Choi Sanghun, Haghighi Babak, Choi Jiwoong, Hoffman Eric A, Comellas Alejandro P, Newell John D, Wenzel Sally E, Castro Mario, Fain Sean B, Jarjour Nizar N, Schiebler Mark L, Barr R Graham, Han MeiLan K, Bleecker Eugene R, Cooper Christopher B, Couper David, Hansel Nadia, Kanner Richard E, Kazerooni Ella A, Kleerup Eric A C, Martinez Fernando J, O'Neal Wanda K, Woodruff Prescott G, Lin Ching-Long
Department of Mechanical Engineering, Kyungpook National University, Daegu, South Korea.
Department of Mechanical and Industrial Engineering, University of Iowa, Iowa City, Iowa, USA.
BMJ Open Respir Res. 2017 Nov 9;4(1):e000252. doi: 10.1136/bmjresp-2017-000252. eCollection 2017.
Quantitative CT (QCT) imaging-based metrics have quantified disease alterations in asthma and chronic obstructive pulmonary disease (COPD), respectively.

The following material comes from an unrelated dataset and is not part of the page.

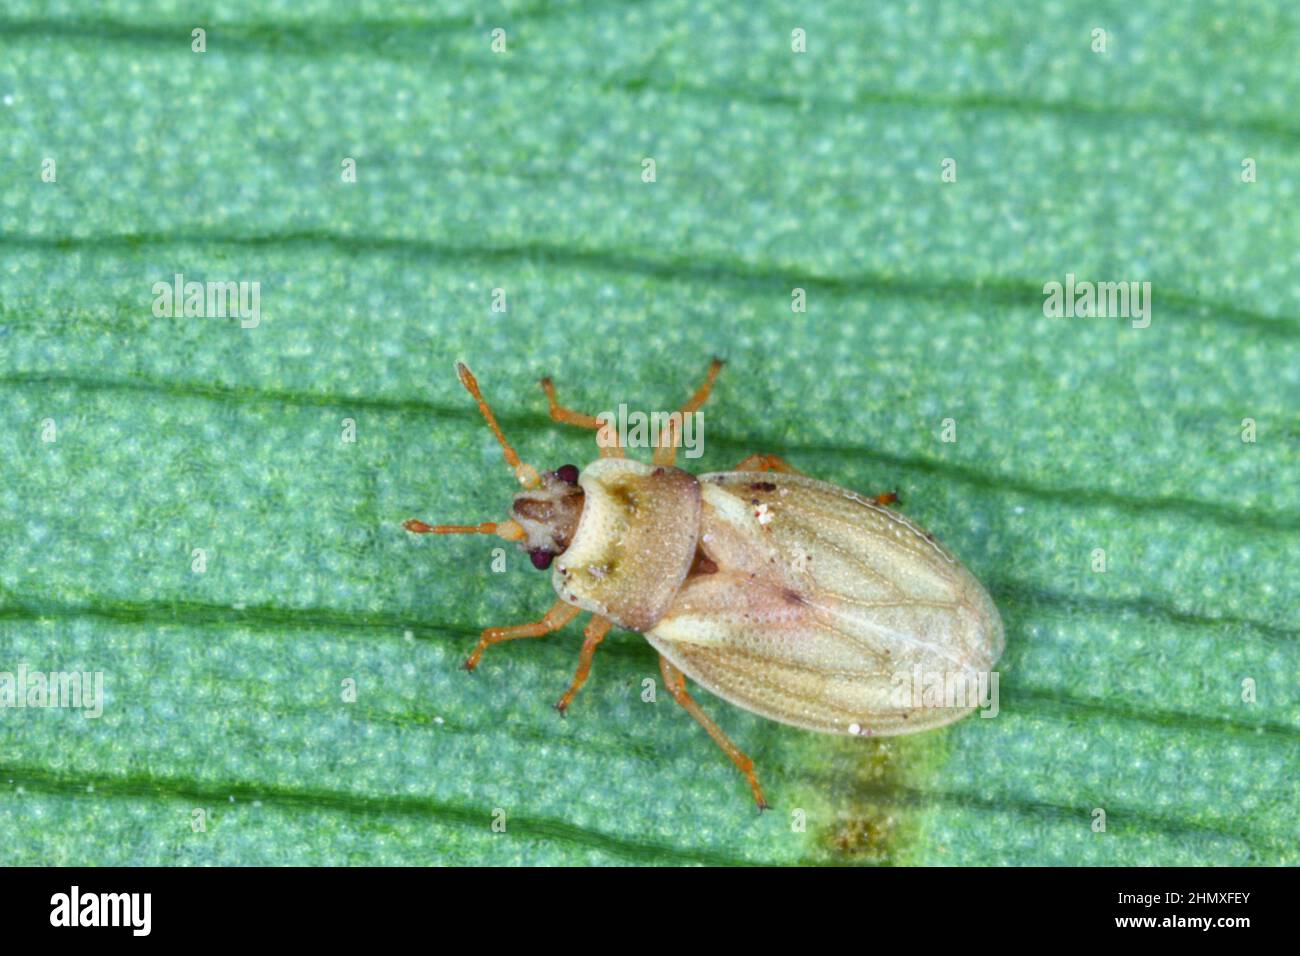 Piesma anche Parapiesma quadratum (Piesmidae) chiamato anche barbabietola pizzo-bug o foglia di barbabietola è un vero bug, importante parassita delle colture di barbabietole, la coltivazione. Foto Stock

We seek to characterise the similarity and disparity between these groups using QCT-derived airway and parenchymal metrics.
Asthma and COPD subjects (former-smoker status) were selected with a criterion of post-bronchodilator FEV <80%. Healthy non-smokers were included as a control group. Inspiratory and expiratory QCT images of 75 asthmatic, 215 COPD and 94 healthy subjects were evaluated. We compared three segmental variables: airway circularity, normalised wall thickness and normalised hydraulic diameter, indicating heterogeneous airway shape, wall thickening and luminal narrowing, respectively. Using an image registration, we also computed six lobar variables including per cent functional small-airway disease, per cent emphysema, tissue fraction at inspiration, fractional-air-volume change, Jacobian and functional metric characterising anisotropic deformation.
Compared with healthy subjects, both asthma and COPD subjects demonstrated a decreased airway circularity especially in large and upper lobar airways, and a decreased normalised hydraulic diameter in segmental airways. Besides, COPD subjects had more severe emphysema and small-airway disease, as well as smaller regional tissue fraction and lung deformation, compared with asthmatic subjects. The difference of emphysema, small-airway disease and tissue fraction between asthma and COPD was more prominent in upper and middle lobes.
Patients with asthma and COPD, with a persistent FEV <80%, demonstrated similar alterations in airway geometry compared with controls, but different degrees of alterations in parenchymal regions. Density-based metrics measured at upper and middle lobes were found to be discriminant variables between patients with asthma and COPD.
基于定量CT(QCT)成像的指标已分别对哮喘和慢性阻塞性肺疾病(COPD)中的疾病改变进行了量化。我们试图使用QCT得出的气道和实质指标来描述这些组之间的异同。
选择哮喘和COPD受试者(既往吸烟状况),其标准为支气管扩张剂后FEV<80%。纳入健康非吸烟者作为对照组。对75例哮喘患者、215例COPD患者和94例健康受试者的吸气和呼气QCT图像进行评估。我们比较了三个节段变量:气道圆度、标准化壁厚和标准化水力直径,分别表示气道形状不均一、壁增厚和管腔狭窄。通过图像配准,我们还计算了六个肺叶变量,包括功能性小气道疾病百分比、肺气肿百分比、吸气时的组织分数、空气体积分数变化、雅可比行列式和表征各向异性变形的功能指标。
与健康受试者相比,哮喘和COPD受试者均表现出气道圆度降低,尤其是在大叶和上叶气道,节段气道的标准化水力直径也降低。此外,与哮喘受试者相比,COPD受试者的肺气肿和小气道疾病更严重,区域组织分数和肺变形更小。哮喘和COPD在肺气肿、小气道疾病和组织分数方面的差异在上叶和中叶更为突出。
FEV持续<80%的哮喘和COPD患者与对照组相比,在气道几何形状上表现出相似的改变,但在实质区域的改变程度不同。发现在上叶和中叶测量的基于密度的指标是哮喘和COPD患者之间的判别变量。